[proofplan] The proof uses the Kähler Laplacian identities for the Hermitian metric induced by the Kähler form $\omega$. These identities say, with the stated Laplacian normalization, that \begin{align*} \Delta_d=2\Delta_\partial=2\Delta_{\bar\partial} \end{align*} on smooth complex-valued forms. Since multiplication of an operator by the positive scalar $2$ does not change its kernel, the three harmonic kernels coincide. Finally, the definition of harmonicity by vanishing of the corresponding Laplacian translates this kernel equality into the stated equivalence. [/proofplan]
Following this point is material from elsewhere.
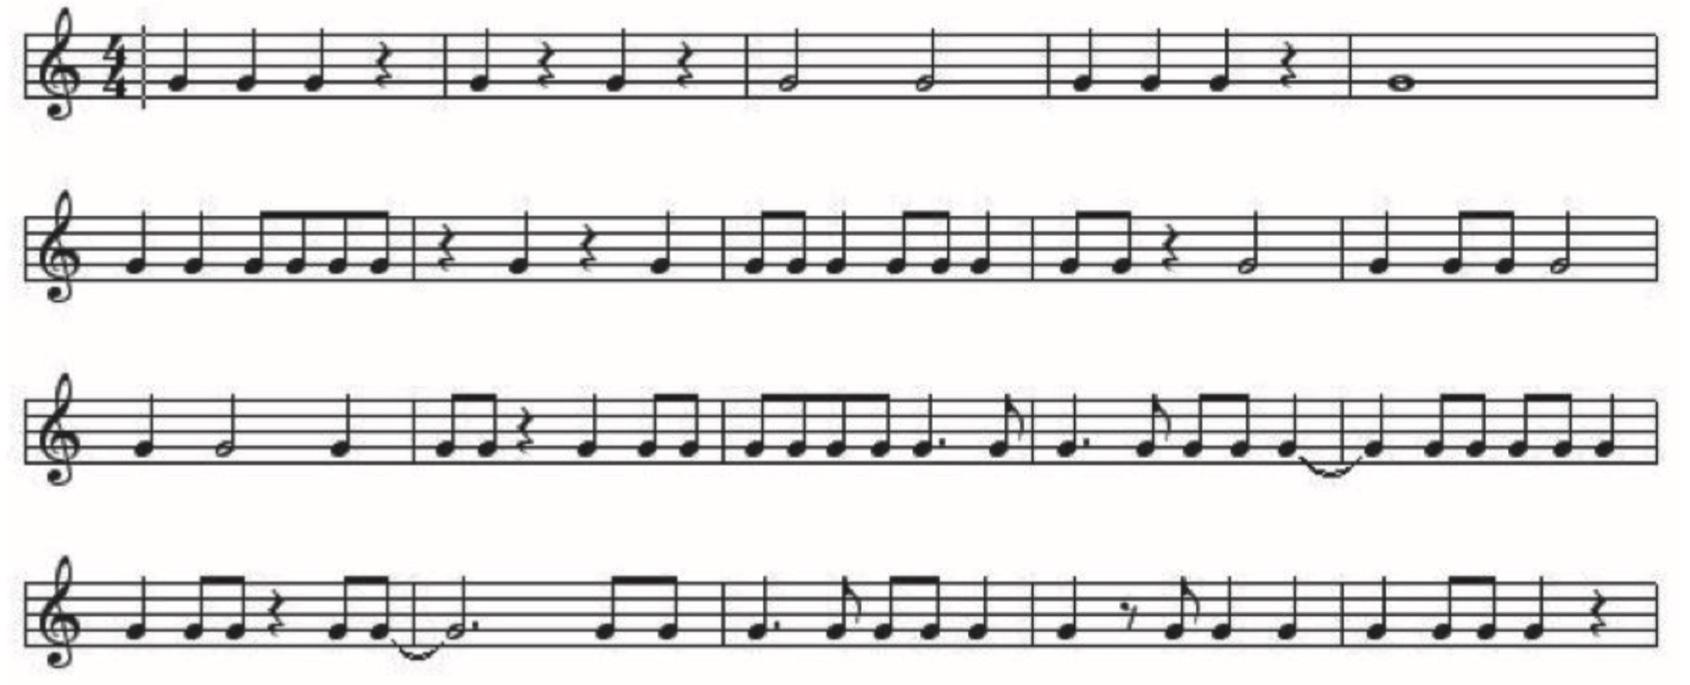 1. Rhythmic sight reading: Examples 1.1-1.4

[step:Invoke the Kähler Laplacian identities with the stated normalization]Let $A^\bullet(X;\mathbb C)$ denote the space of smooth complex-valued differential forms on $X$. We use the standard Kähler Laplacian identities for the Kähler metric induced by $\omega$: \begin{align*} \Delta_d = 2\Delta_\partial \end{align*} and \begin{align*} \Delta_d = 2\Delta_{\bar\partial} \end{align*} as operators \begin{align*} A^\bullet(X;\mathbb C)\to A^\bullet(X;\mathbb C). \end{align*} This is the standard Kähler Laplacian identity for Laplacians with the convention \begin{align*} \Delta_D=DD^*+D^*D. \end{align*}[/step]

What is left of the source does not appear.